I have been trying to learn Arrernte for the last couple of months. Unfortunately I can not go to classes as I work on the same night they are on so I bought myself “A learner’s guide to Eastern and Central Arrernte” book and CD and have been trying to spend a couple of hours a week. I am usually unsure if this type of learning works but I seem to be proceeding as fast, if not faster than my friend who is attending the class.
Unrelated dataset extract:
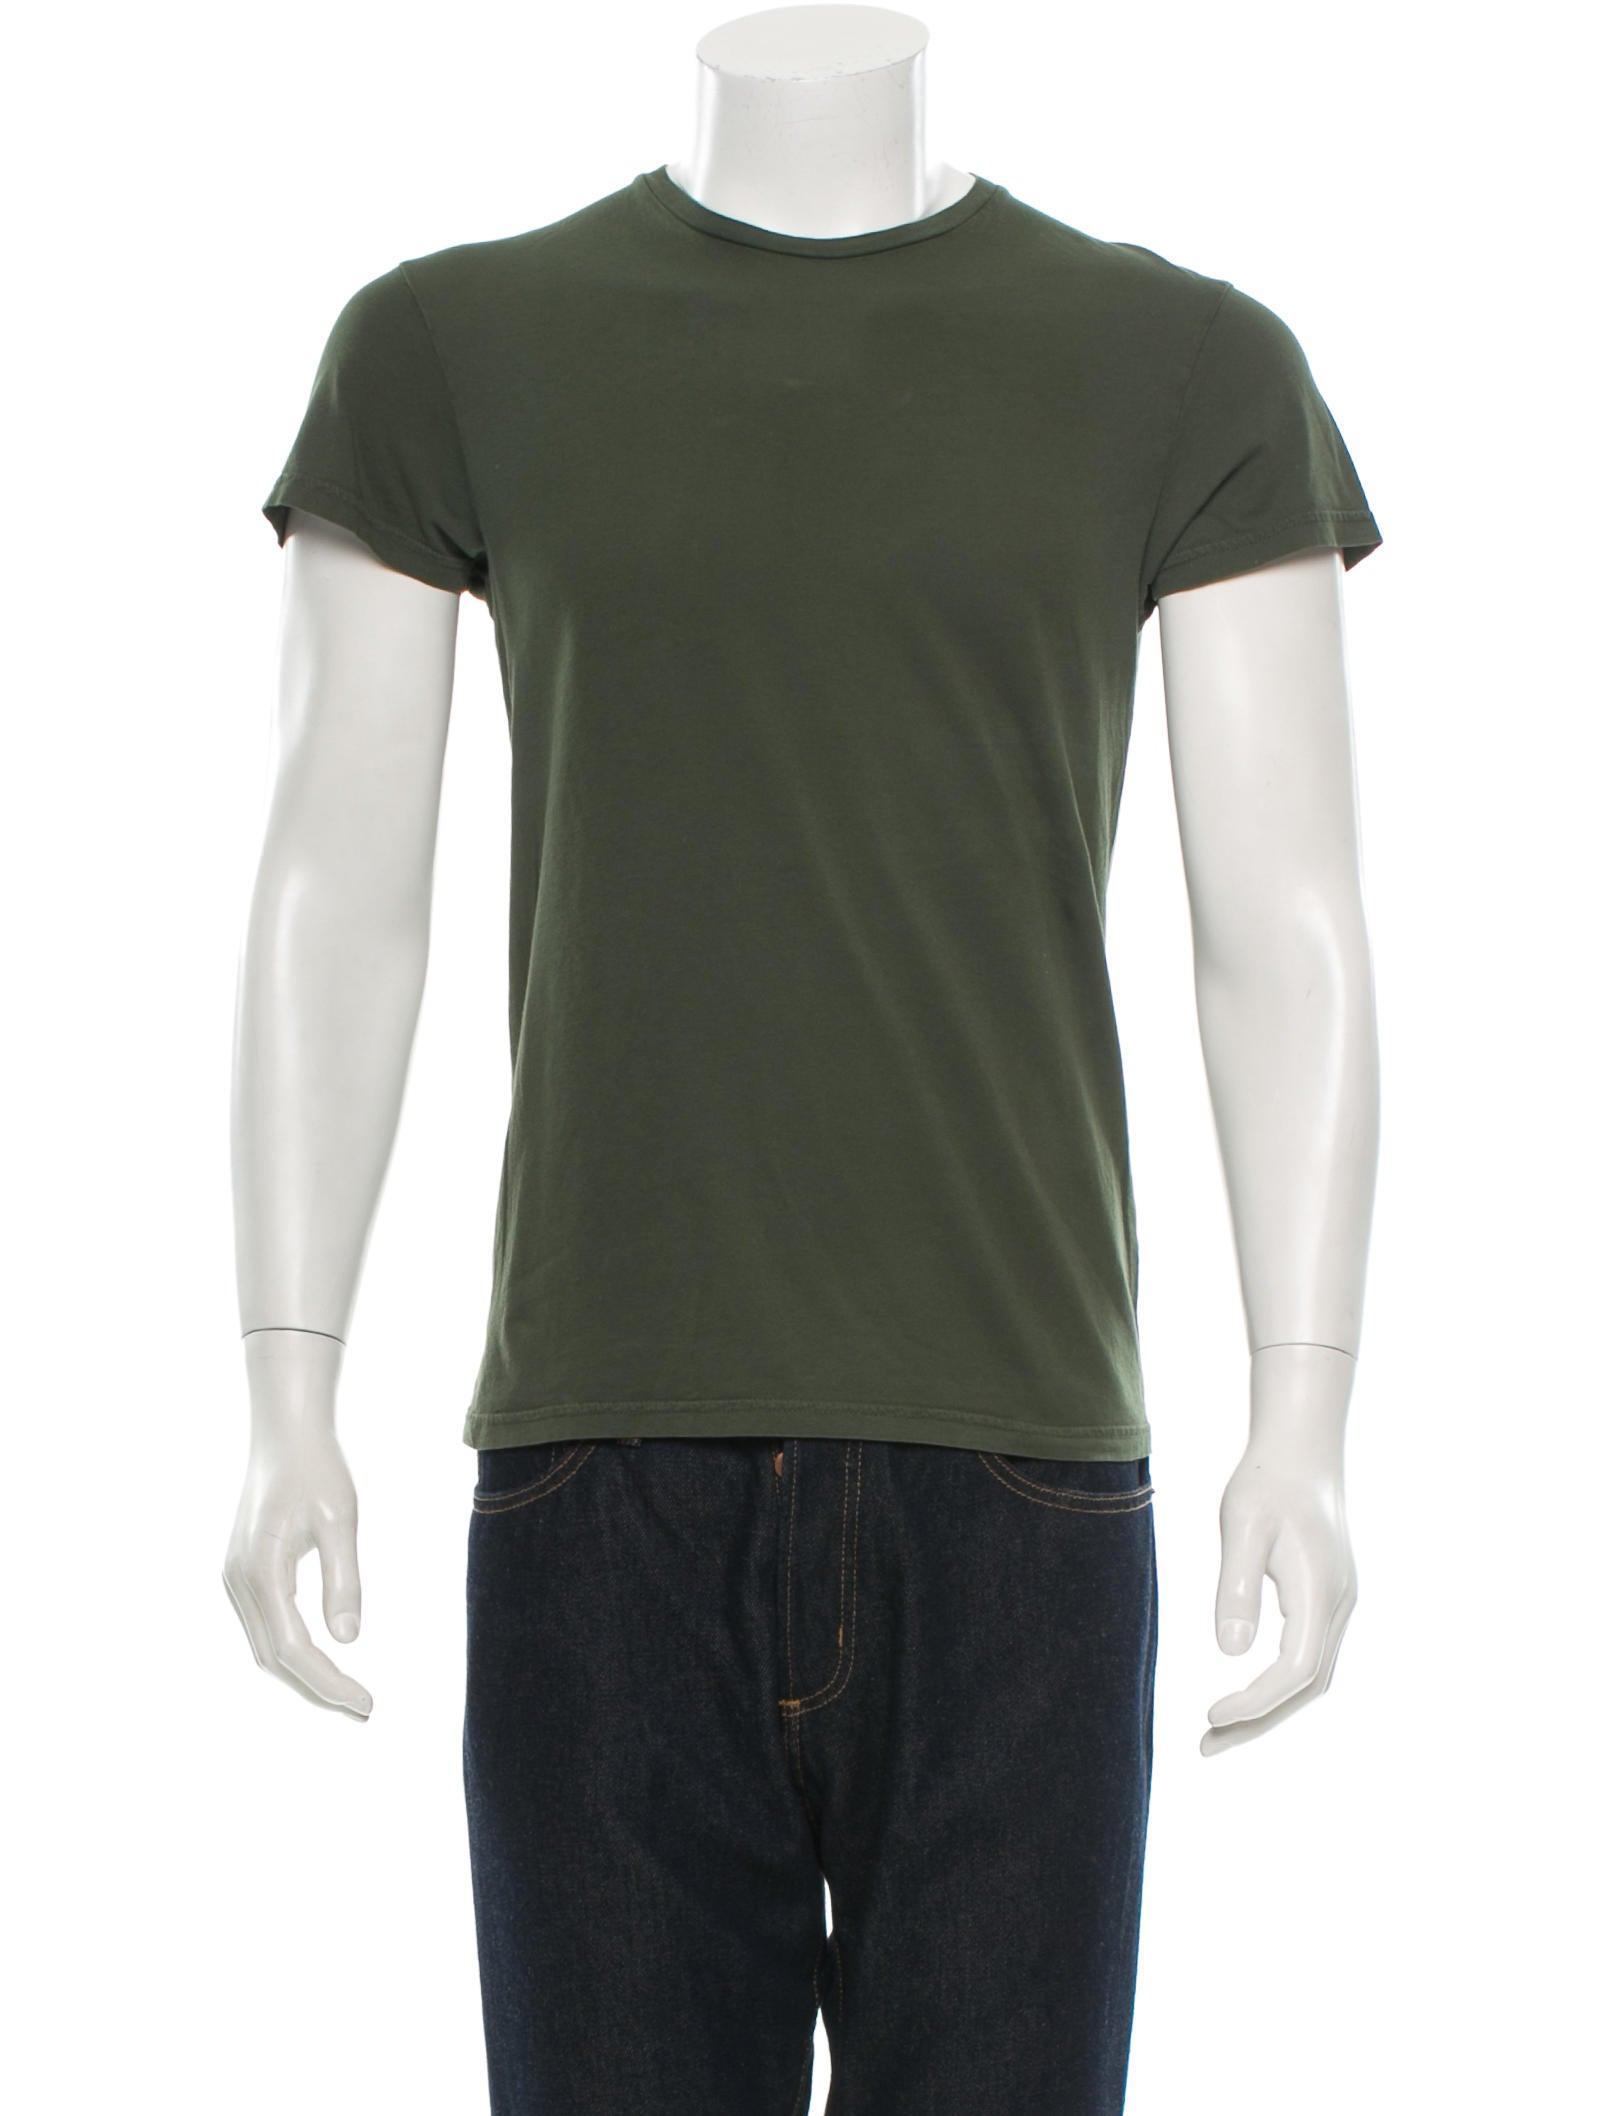 Jil sander t shirt clothing jil26138 the realreal for Jil sander mens shirt

Arrernte is a pretty hard language to learn. Words like the word above highlight the difficulty in learning the pronunciation but believe it or not I seem to be getting my head around all that. What is hardest is that it is so hard to translate most things directly. The Arrernte people had/have such a different way of understanding things and therfore communicating to the way we do that trying to put anything into a sentence that makes sense to them is almost impossible I discover each time I translate what I have learned into something I can say to my Arrernte friends.
It is good to be learning Arrernte. I don’t think I’ll ever speak it fluently but it sure teaches me a lot about the culture and language learning. Also, so many other indigenous languages from here and around the world have been lost it is exciting to me that some including Arrernte have survived. And with only 2000 or so speakers left in Central Australia if it is to survive then other people have to start learning it. Funny though the other two languages that I speak are spoken by millions and millions of people whereas this one only 2000.
Last night we had our house warming party. It was such a lovely night I must say. The weather was pretty hot yesterday so I was a little concerned people would be uncomfortable but it cooled down nicely for the guests arrival and we had a good central Australian sunset for them to enjoy as well (not that I can claim that one).
Malley and John also led a smoking ceremony for us which I was really moved by. It was a real honour to be participating in something their people have been doing when they move to an area for 40 000 years. I got all teary.
Apart from that people just talked and ate and drank. We had some singing and dancing under the stars and some people played drums. The kids played games and cooked marshmellows on the fire. Malley had us women doing some aboriginal dancing. It was all lots of fun.
Martin likes having parties and I think I have come around as well. I do get a little stressed before them (and during them I suppose as I try to ensure that everyone is okay for food, drinks, people to talk to etc) but I really enjoy offering hospitality. I really enjoy watching people interact and have fun at my home. Last night was really special for that as we had a bit of a mix of cultures there who all seemed to have some really good interactions. In this town (and in this country too I suppose) I continue to be confronted by the racism that exists within us and so events such as these “normal” and “ordinary” as they are, feel sort of special and important.